Image | Virous Outbreak Britain

Caption: A plane is seen landing at London's Heathrow Airport earlier this summer. The EU on Friday moved to reinstate COVID-19 travel restrictions like quarantine and testing requirements for unvaccinated citizens of the U.S. and five other countries, two diplomats told Reuters. (Steve Parsons/Press Association/The Associated Press)

As of Friday evening, more than 215.1 million cases of COVID-19 had been reported worldwide, according to Johns Hopkins University's COVID-19 case tracker.

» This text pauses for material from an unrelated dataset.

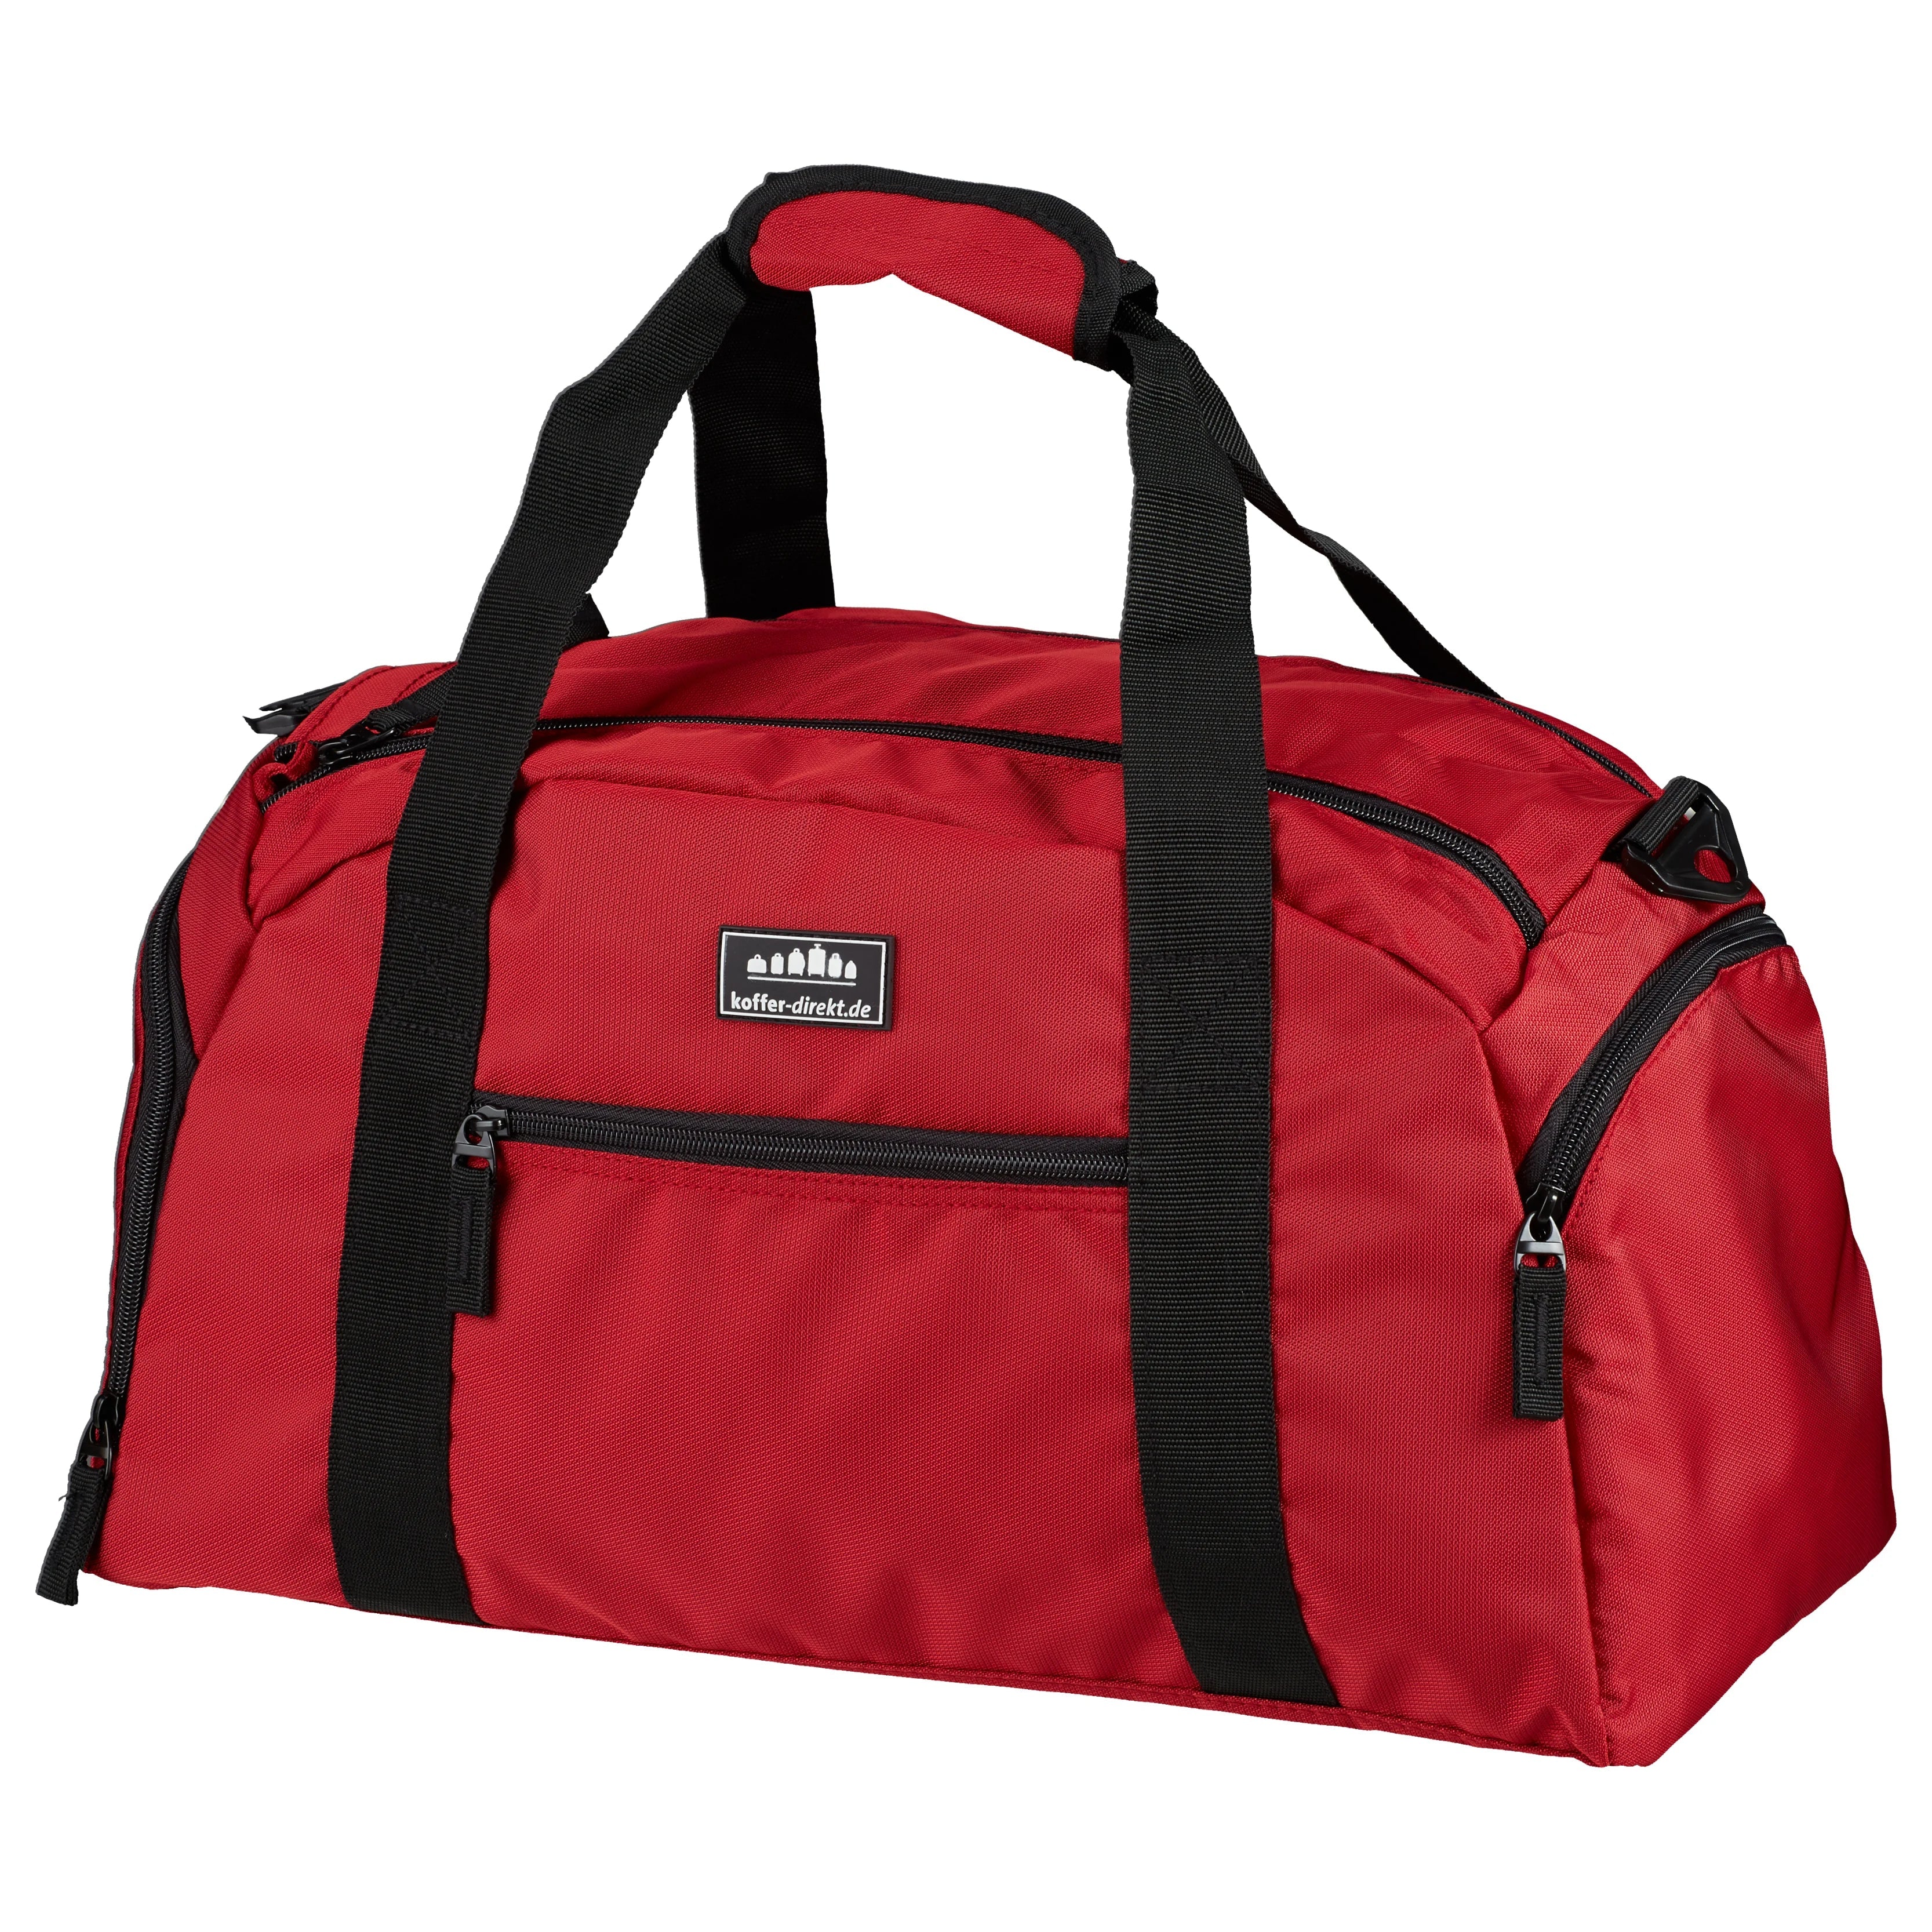 koffer-direkt.de Light Travel II Travel bag 46 cm - dark red

The reported global death toll stood at more than 4.4 million.
In the Americas, Argentine prosecutors have charged President Alberto Fernandez with allegedly breaking a mandatory quarantine, local media reported, when he and his partner hosted a birthday party last year with friends.
In the United States, intelligence agencies remain divided on the origins of the coronavirus but believe China's leaders did not know about the virus before the start of the pandemic, according to results released Friday of a review ordered by U.S. President Joe Biden.
Meanwhile, the country has more than 100,000 coronavirus patients in hospital — the highest level in eight months, according to the U.S. Department of Health and Human Services, as a resurgence of COVID-19 spurred by the highly contagious delta variant strains the nation's health-care system.
The U.S. state of Arizona surpassed one million COVID-19 cases Friday, becoming the 13th state to reach that milestone.
In Africa, South Africa will this weekend receive 2.2 million Pfizer-BioNTech vaccine doses donated by the U.S. to add to the 5.6 million doses it received from that country in July. The new doses come as the country continues to battle an extended resurgence of COVID-19 infections and is racing to vaccinate 67 per cent of its 60 million people by February.
The U.K. has donated additional 592,880 doses of the AstraZeneca-Oxford COVID-19 vaccine to Nigeria, the British High Commission in Abuja has said, raising the total number of vaccine doses it has shared with Africa's most populous country in August to 1,292,640. The doses will be a boost for the West African nation where some hundreds of thousands who received the first dose of the AstraZeneca vaccine are still awaiting their second shot.
Sudan received on Friday a shipment of 218,400 doses of the AstraZeneca COVID-19 vaccine as a donation from France, according to UNICEF.

Image | 1234874865

Caption: A police officer wearing a face mask patrols along Nakamise shopping street on Thursday in Tokyo, where COVID-19 cases have been rising. (Carl Court/Getty Images)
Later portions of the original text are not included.